[[ EXERCISE DATA open ]]

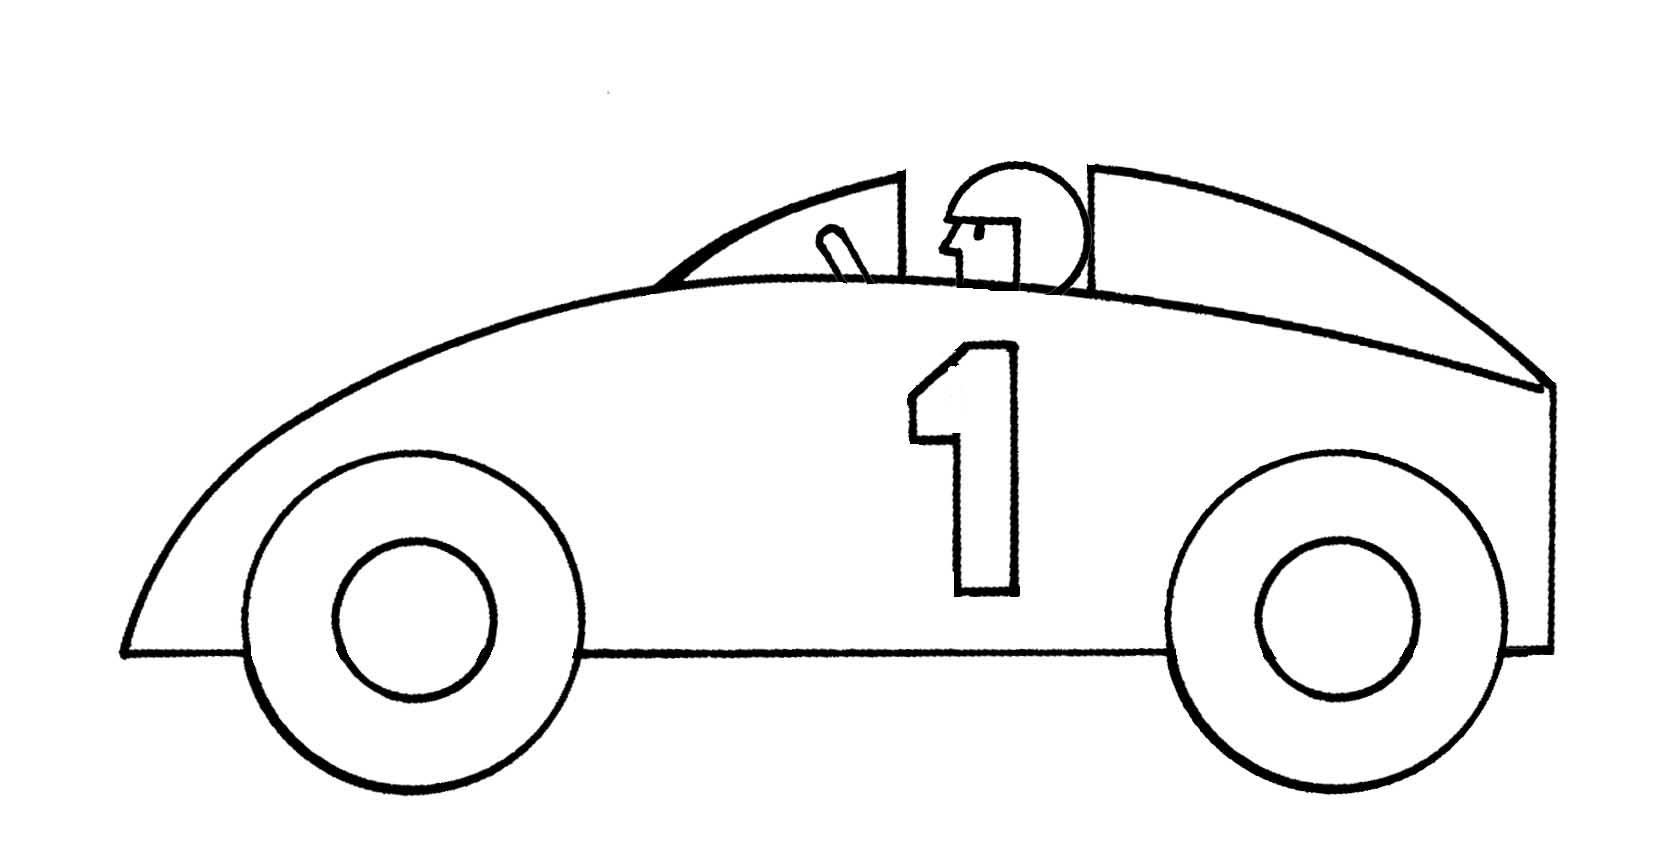 Car clipart outline. Race
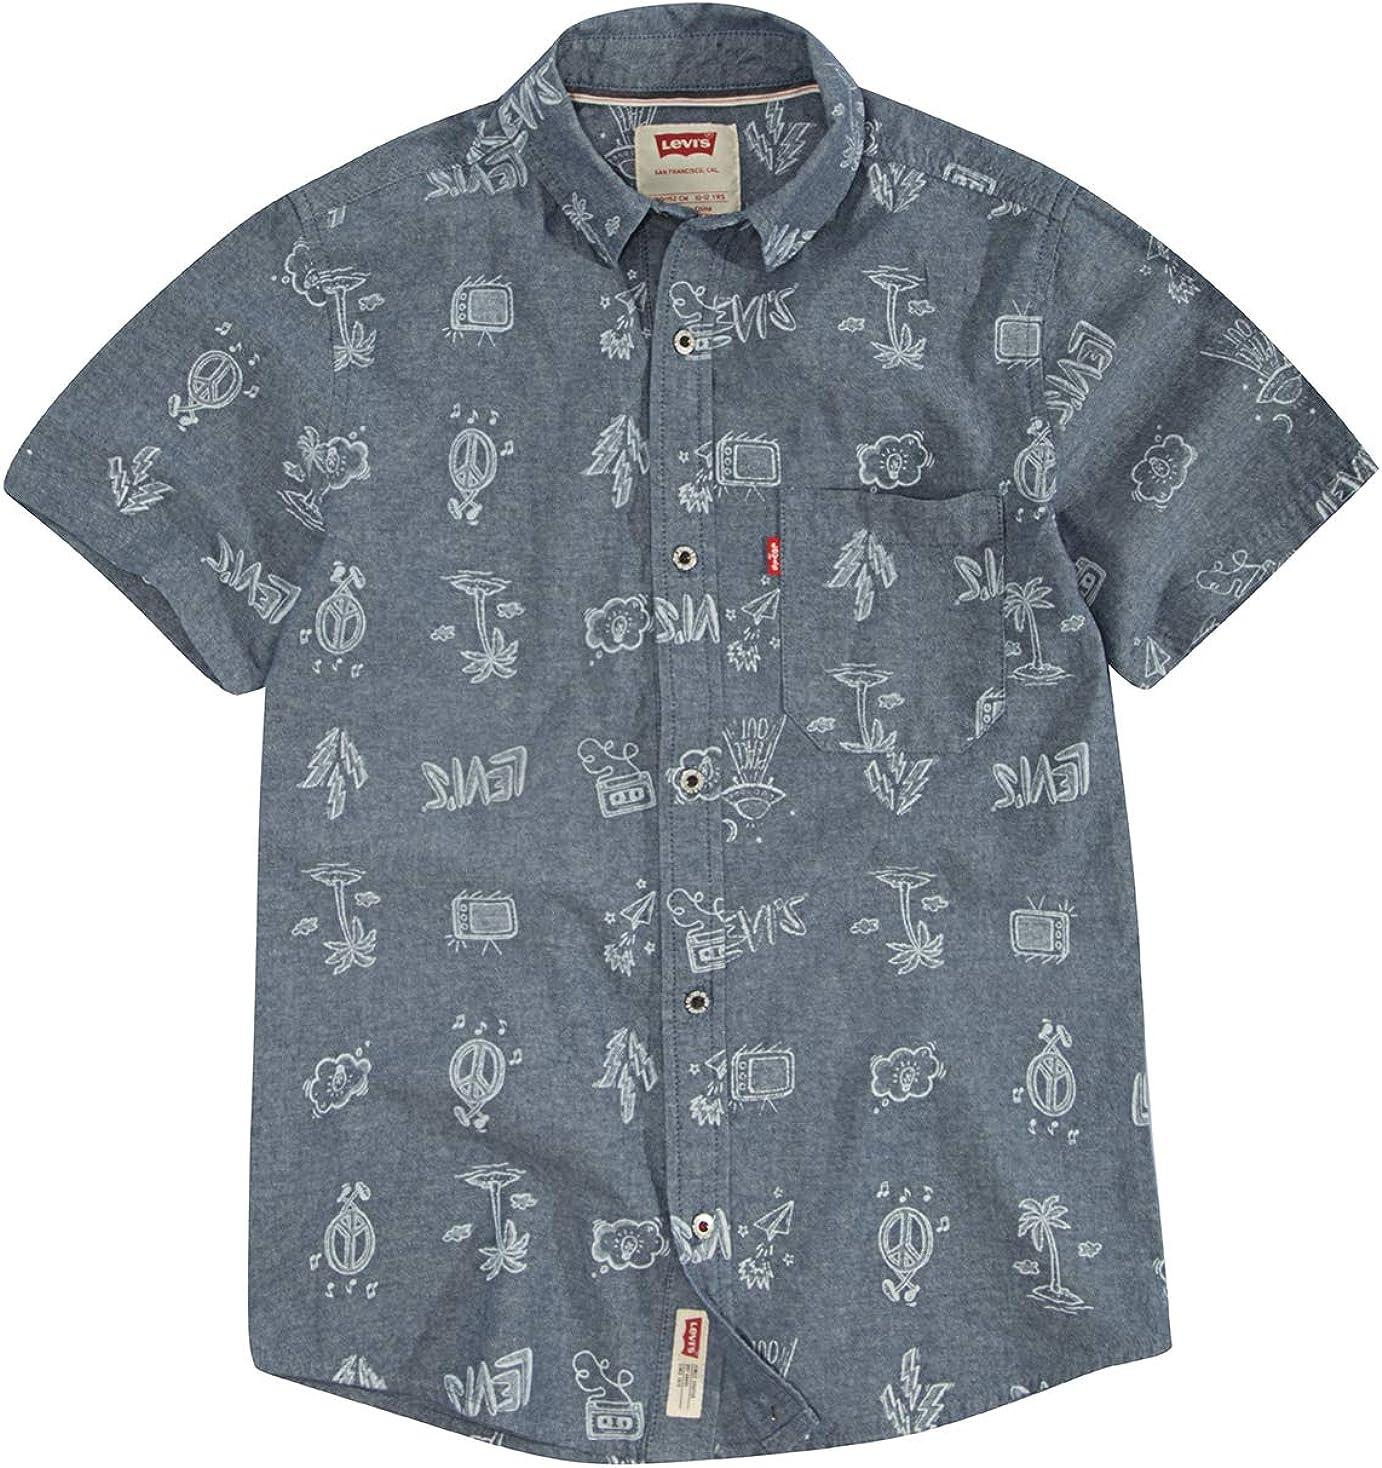 Levi's Boys' Short Sleeve Button Up Shirt
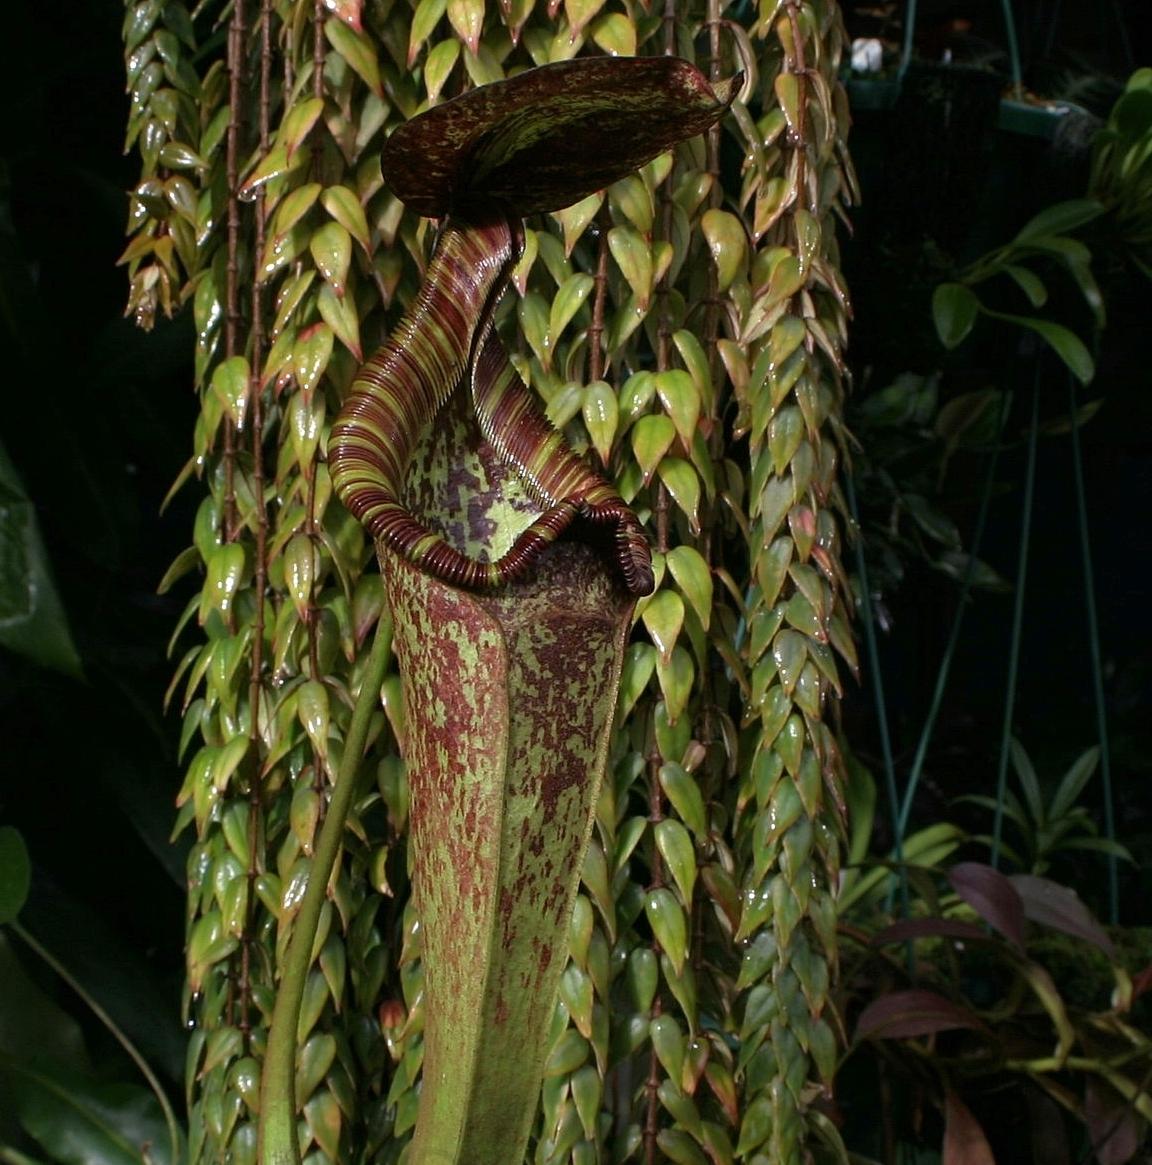 Nepenthes rafflesiana  'Kondo' upper pitchers and  Columnea arguta  August 2007
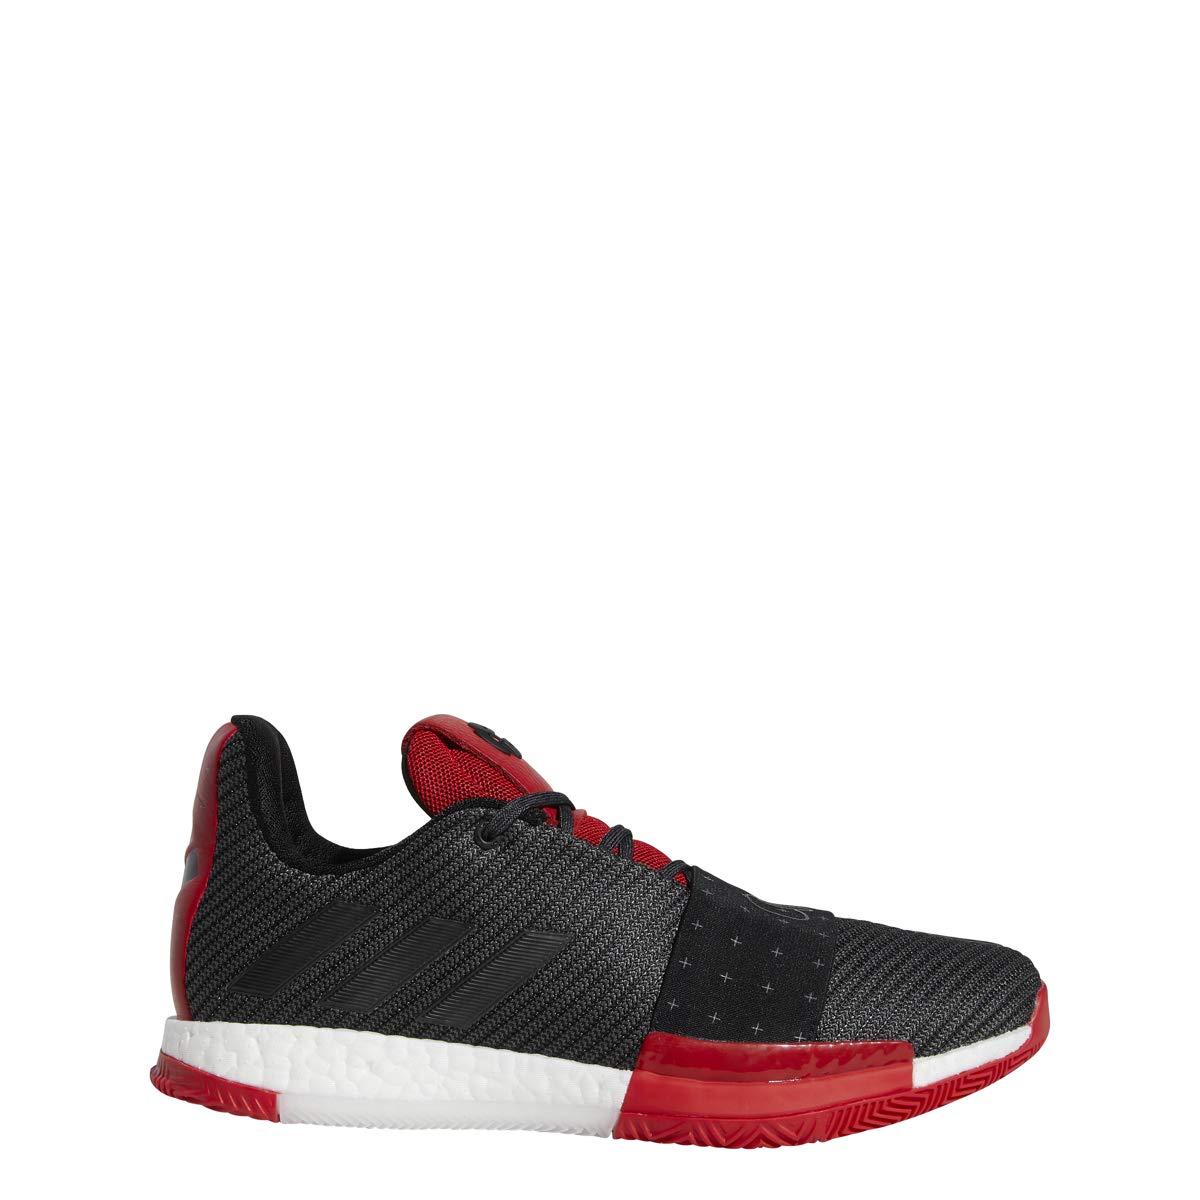 Image of adidas Harden Vol. 3 Shoe - Men's Basketball Core Black/Grey/Scarlet Basketball

[[ EXERCISE DATA closed ]]

**EXERCISE BRIEF:**
Print out all the material above exactly as it appears, omitting the images.

**ANSWER SECTION:**
 Car clipart outline. Race
 Levi's Boys' Short Sleeve Button Up Shirt
 Nepenthes rafflesiana  'Kondo' upper pitchers and  Columnea arguta  August 2007
 Image of adidas Harden Vol. 3 Shoe - Men's Basketball Core Black/Grey/Scarlet Basketball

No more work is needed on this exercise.